While McDonald’s policies have long since been modified, Saladoff felt it necessary to highlight cases like these in her film because, she told the National Law Journal, the plight of the plaintiff is often overlooked. “The other side of this issue has monopolized the conversation because of the amount of money they have,” she said. She decided to make the film after 25 years of practicing law. “After 25 years, the truth is you get sort of worn down,” she said.

As a plaintiff’s personal injury lawyer, I can certainly see where Saladoff is coming from. Oftentimes the defendants do indeed have more resources, especially since they are often large companies with a huge financial backing and an outstanding public reputation. The plaintiff becomes a small fish wallowing in a large pond when it comes to cases like this. Saladoff also points out another interesting view. “…Juries became less sympathetic and winning became harder. It would get me angry that I couldn’t tell my clients that I could get them justice” she says. This film, she hopes, will at least start the conversation that will change everything.

It is important to understand that corporations and their advocacy groups such as the U.S. Chamber of Commerce are pushing for tort reform alleging that litigation costs jobs. However, there is no evidence to support this assertion. Companies base their hiring on the demand for their products and services. If injury lawsuits were to go away tomorrow, no company would commence hiring. Likewise, if there is an increase in demand of for a company’s products and services, they will not fail to hire simply because of the existence of injury claims.

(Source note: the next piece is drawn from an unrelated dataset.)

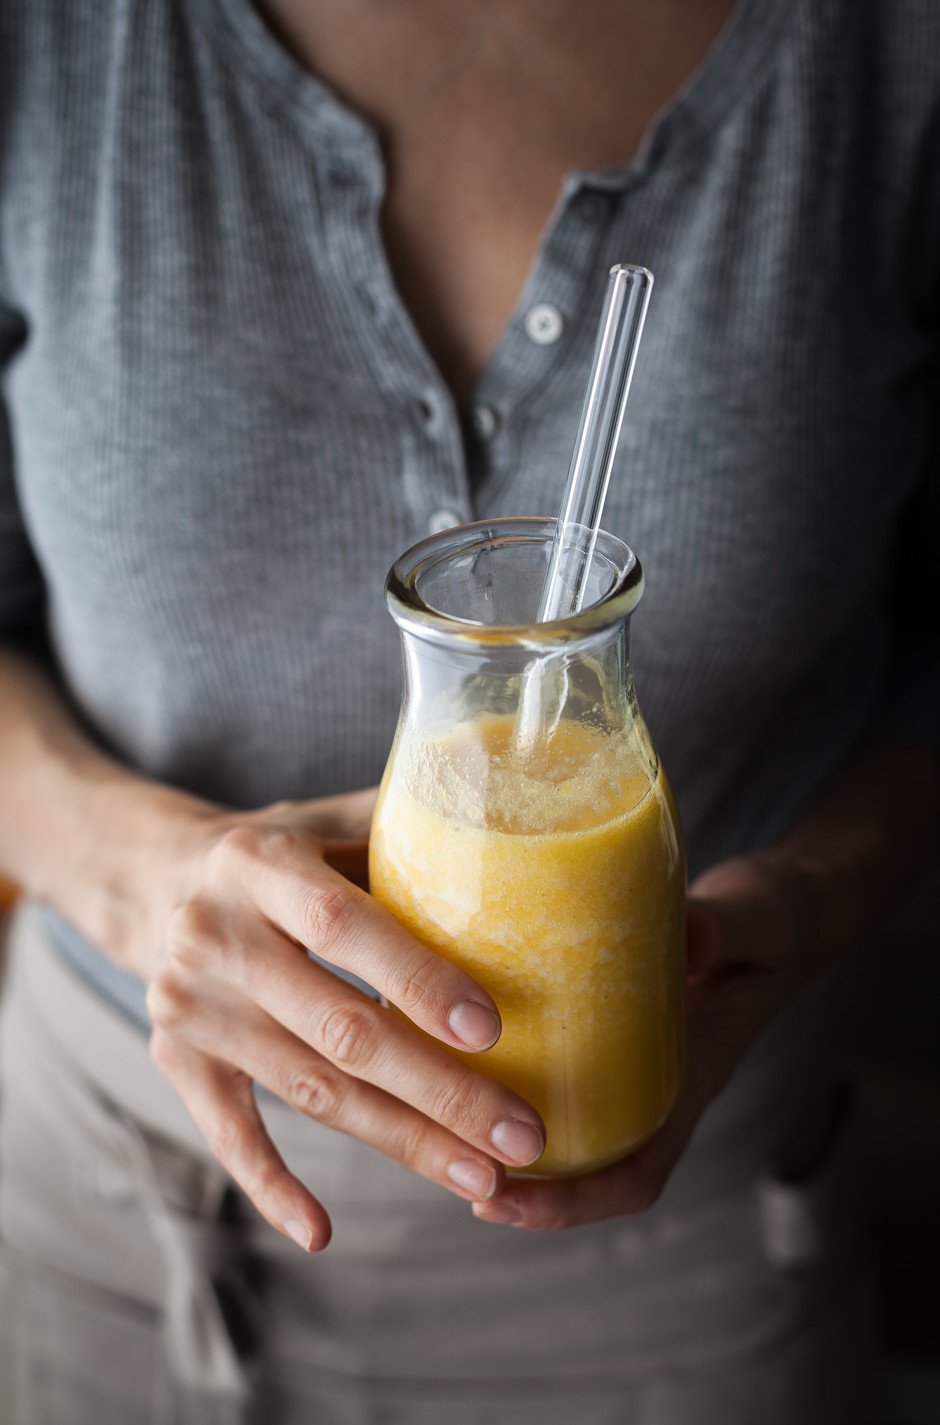 a close up of a person wearing a grey shirt holding a glass jar of citrus ginger juice with a glass straw in it.
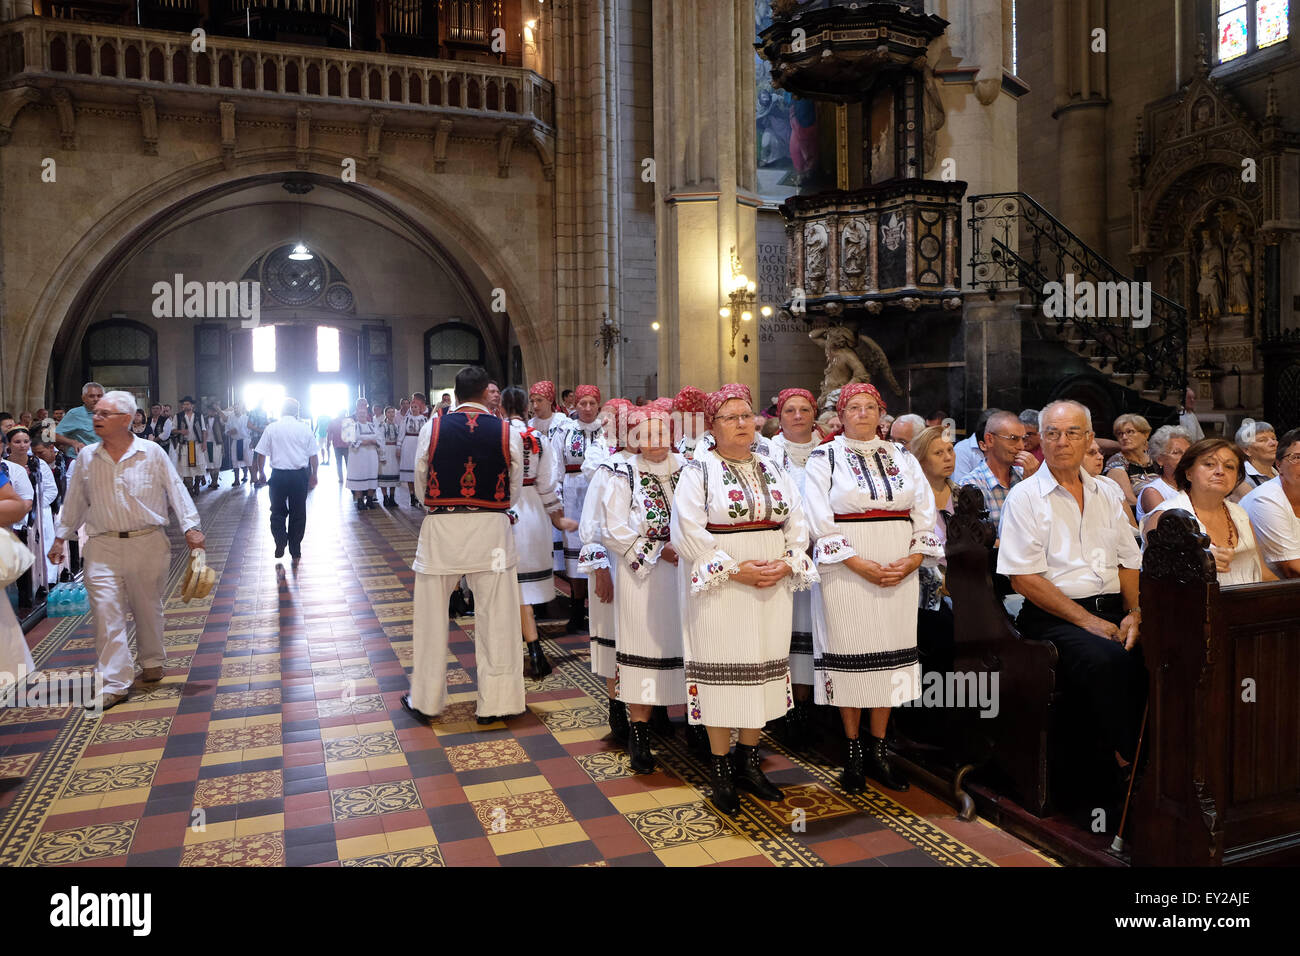 Participants in the 49th International Folklore Festival at Sunday Mass in the Zagreb cathedral, Croatia Stock Photo

Injury claims are about companies and individuals taking responsibility for their actions. If I cause someone to be injured, then I need to be responsible for the results of my
conduct. In addition, injury claims force companies to manufacture safe products and to hire safe individuals to perform services. In the absence of these claims, an important aspect of ensuring corporate responsibility would be lost. Due to injury cases, we no longer have gas tanks at the rear of vehicles, we have safety guards on machines, we have safer packaging on products to prevent tampering, and a whole host of products are safer.